Where does UNCAC stand today? At the 2008 CoSP session, NGO participants, spearheaded by Transparency International,22 issued strong appeals for the CoSP to establish stronger review mechanisms: “Anything less would undermine the credibility of UNCAC and play into the hands of the skeptics who question the UN’s capability to make this complex convention work.”23 Despite lengthy meetings, the thousand-plus delegates failed to agree on a concrete review mechanism beyond self-assessment.24 They instead settled on a broadly worded resolution that welcomed the development of a self-assessment checklist but deferred a decision on other review mechanisms for a later day.25 An interim working group continues to tackle the issue, with the next full CoSP session scheduled for late 2009 in Qatar.

Notwithstanding vocal opinions to the contrary, the lack of concrete implementation mechanisms does not mean that UNCAC is dead in the water, at least with respect to China. Indeed, as discussed below, there is substantial reason for optimism because of the congruence of UNCAC’s aims with the Chinese government’s concerns.

China and UNCAC: A Two-Way Street

China’s resistance to more robust implementation mechanisms is coupled with receptiveness to UNCAC’s overarching goal of combating corruption. Put simply, China does not want to air its dirty laundry to the world, but it does want help washing it.

On the one hand, China is concerned that a searching review process could unearth even greater fault lines and provide increased fodder for domestic discontent.
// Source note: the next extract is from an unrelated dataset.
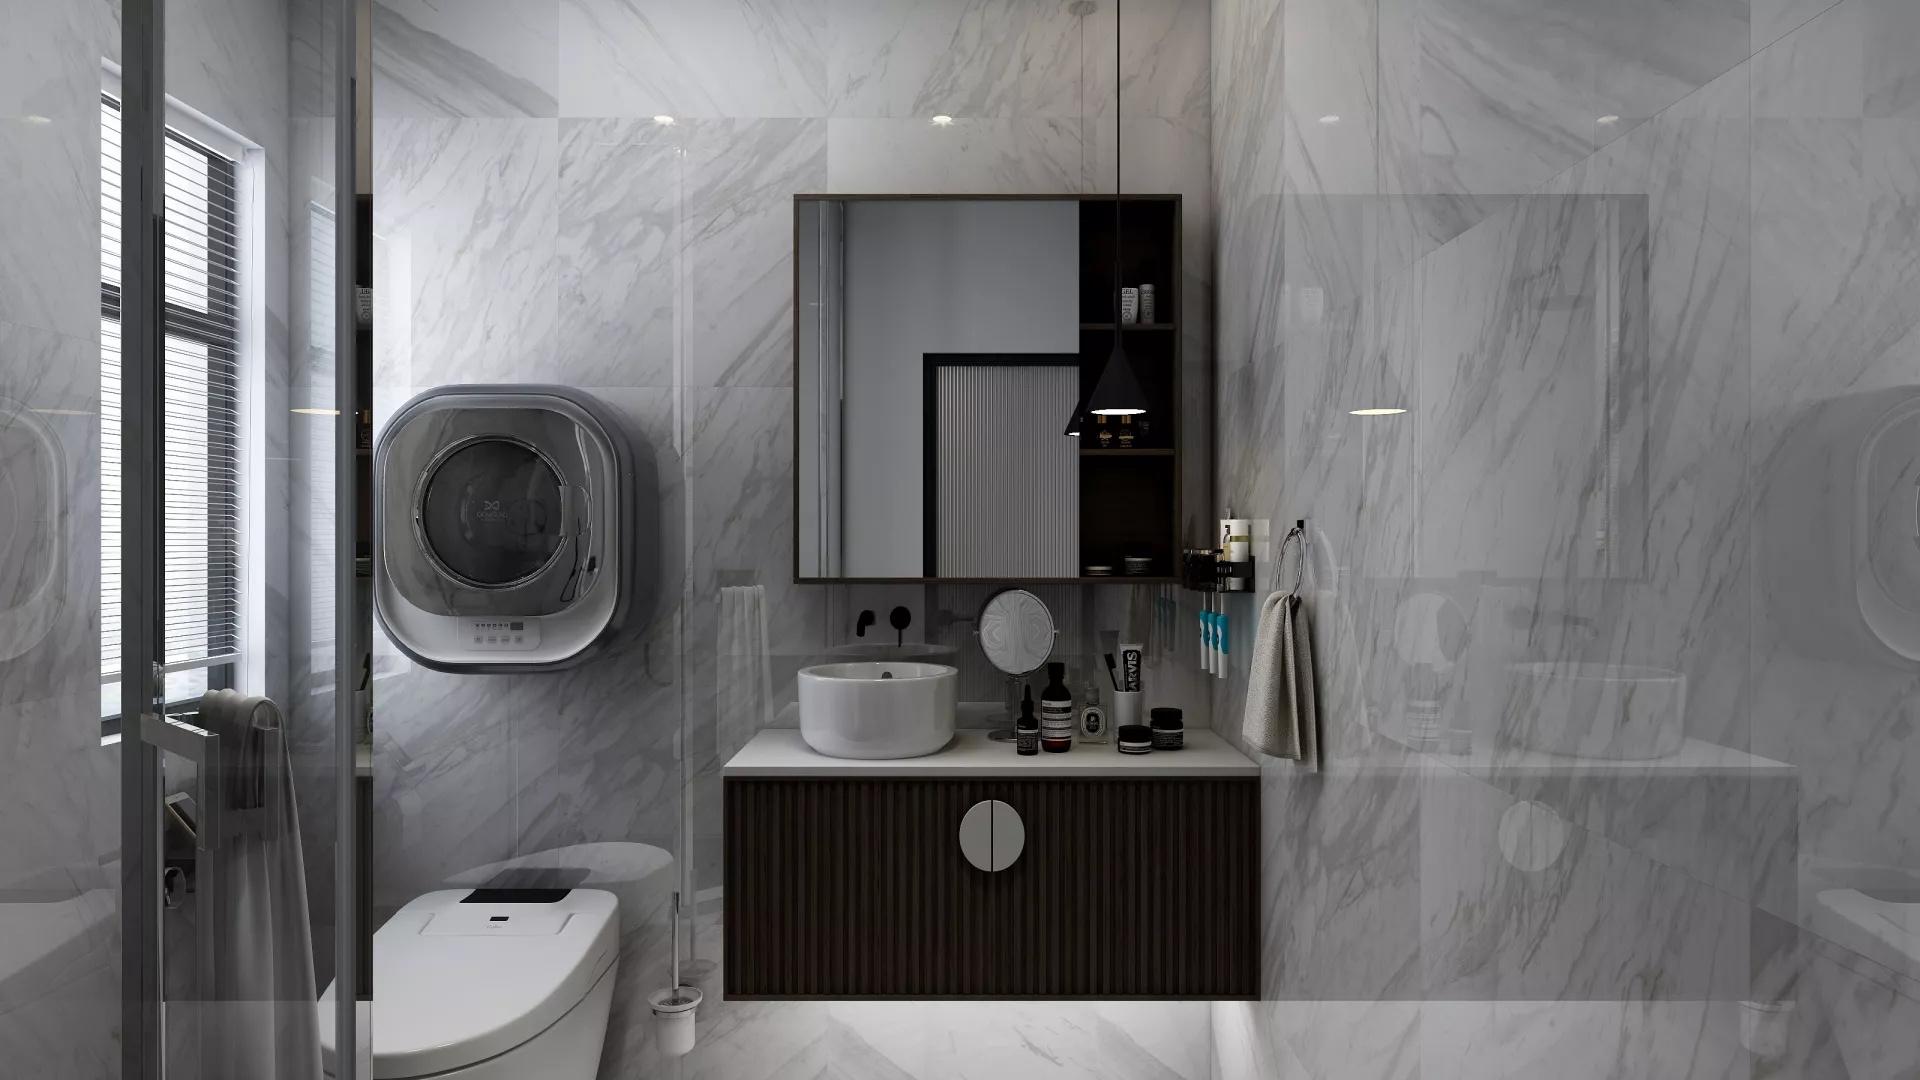 厨房浴室吊顶高度 厨房浴室吊顶安装注意事项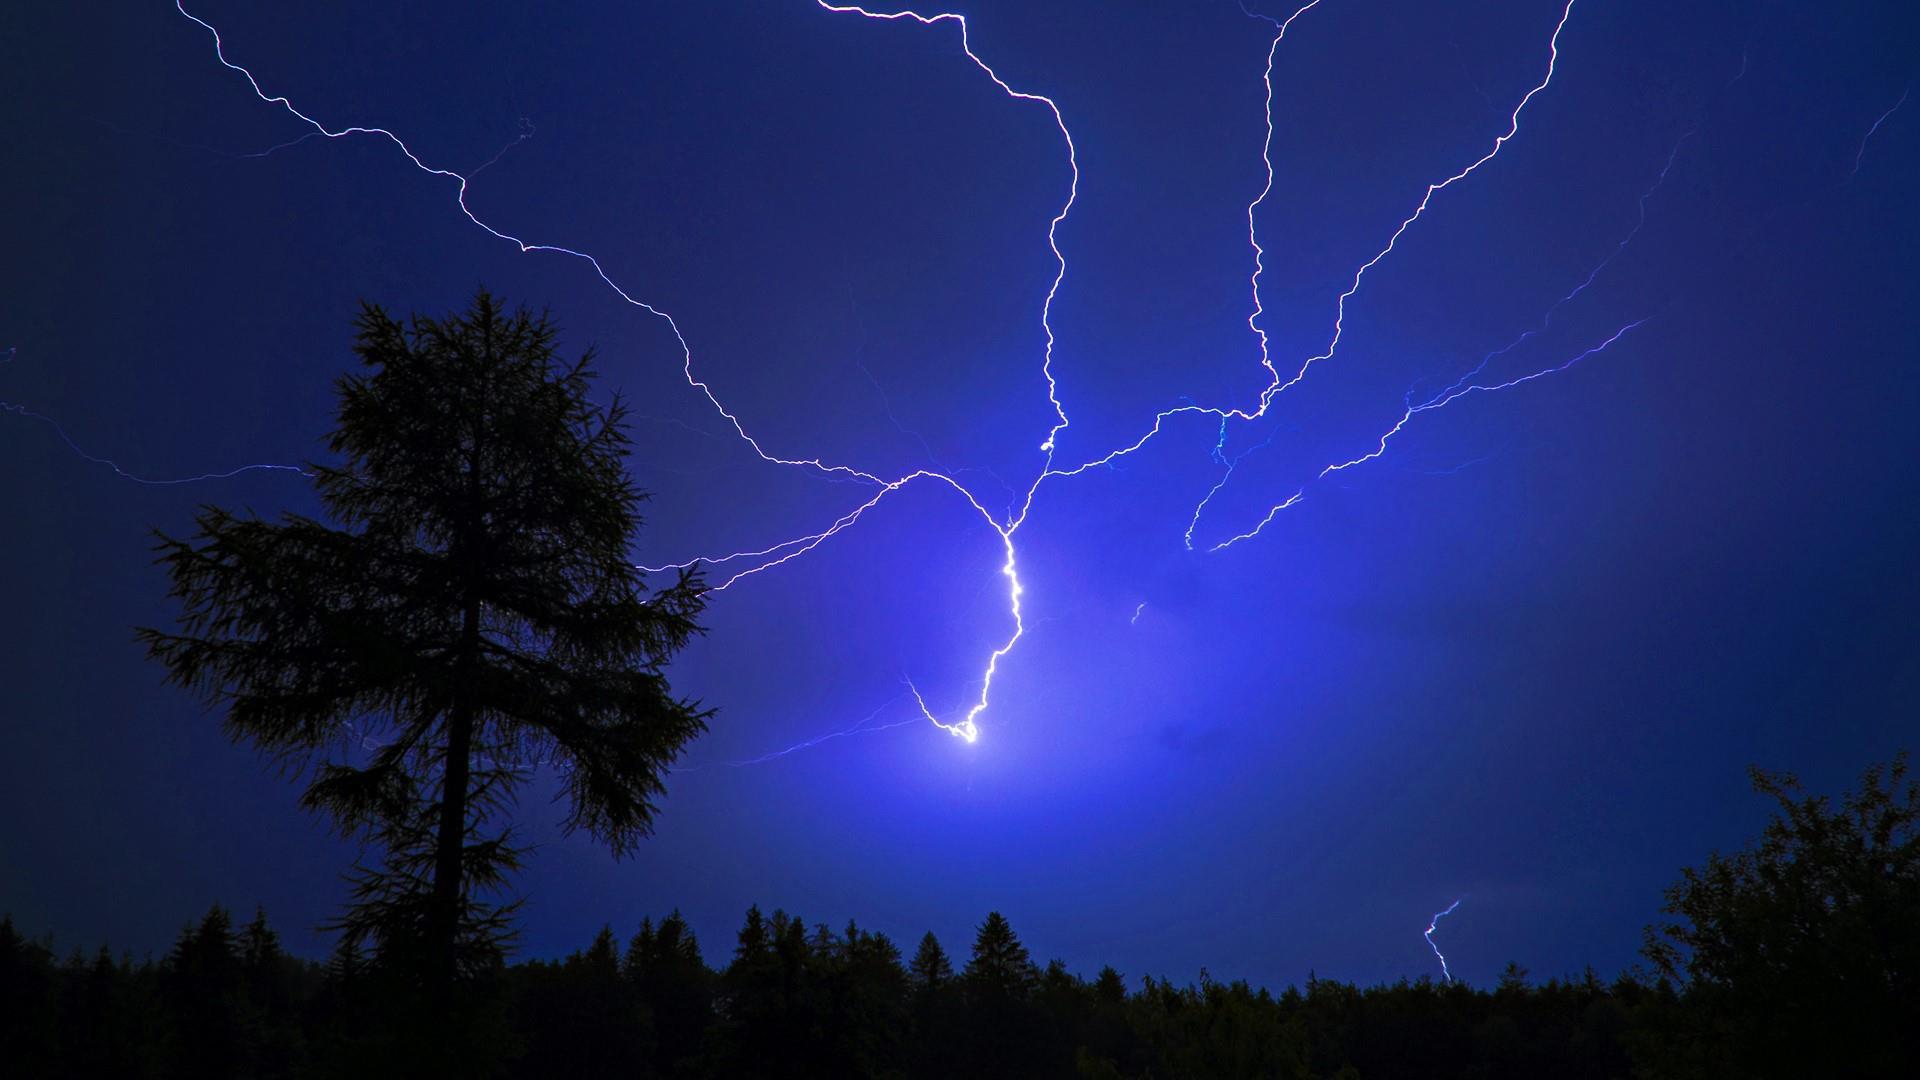 Thunderstorm at night wallpaper

The government quickly cracks down on public exposés of corruption, presumably to forestall an escalation in protests, as seen in the cases of Zheng Enchong,26 Chen Guidi, and Wu Chuntao,27 and Lü Gengsong,28 among others. Thus, while Chinese delegates to UNCAC’s meetings have emphasized cooperation, this rhetoric must be viewed within the sovereignty-based parameters that constrict interaction.29

On the other hand, China has strong incentives to play a prominent role in the Convention’s development.30 Beijing’s immediate hopes for UNCAC are clear: the return of assets and fugitives fleeing overseas.31 Lai Changxin, who allegedly masterminded a multi-billion dollar smuggling operation in cooperation with local officials before fleeing to Canada, may be the most notorious, but he is far from the only one.32 Successful recovery of people and assets both provides the government with positive publicity and deters potential fugitives who see escaping abroad as a way to avoid detection and punishment in China.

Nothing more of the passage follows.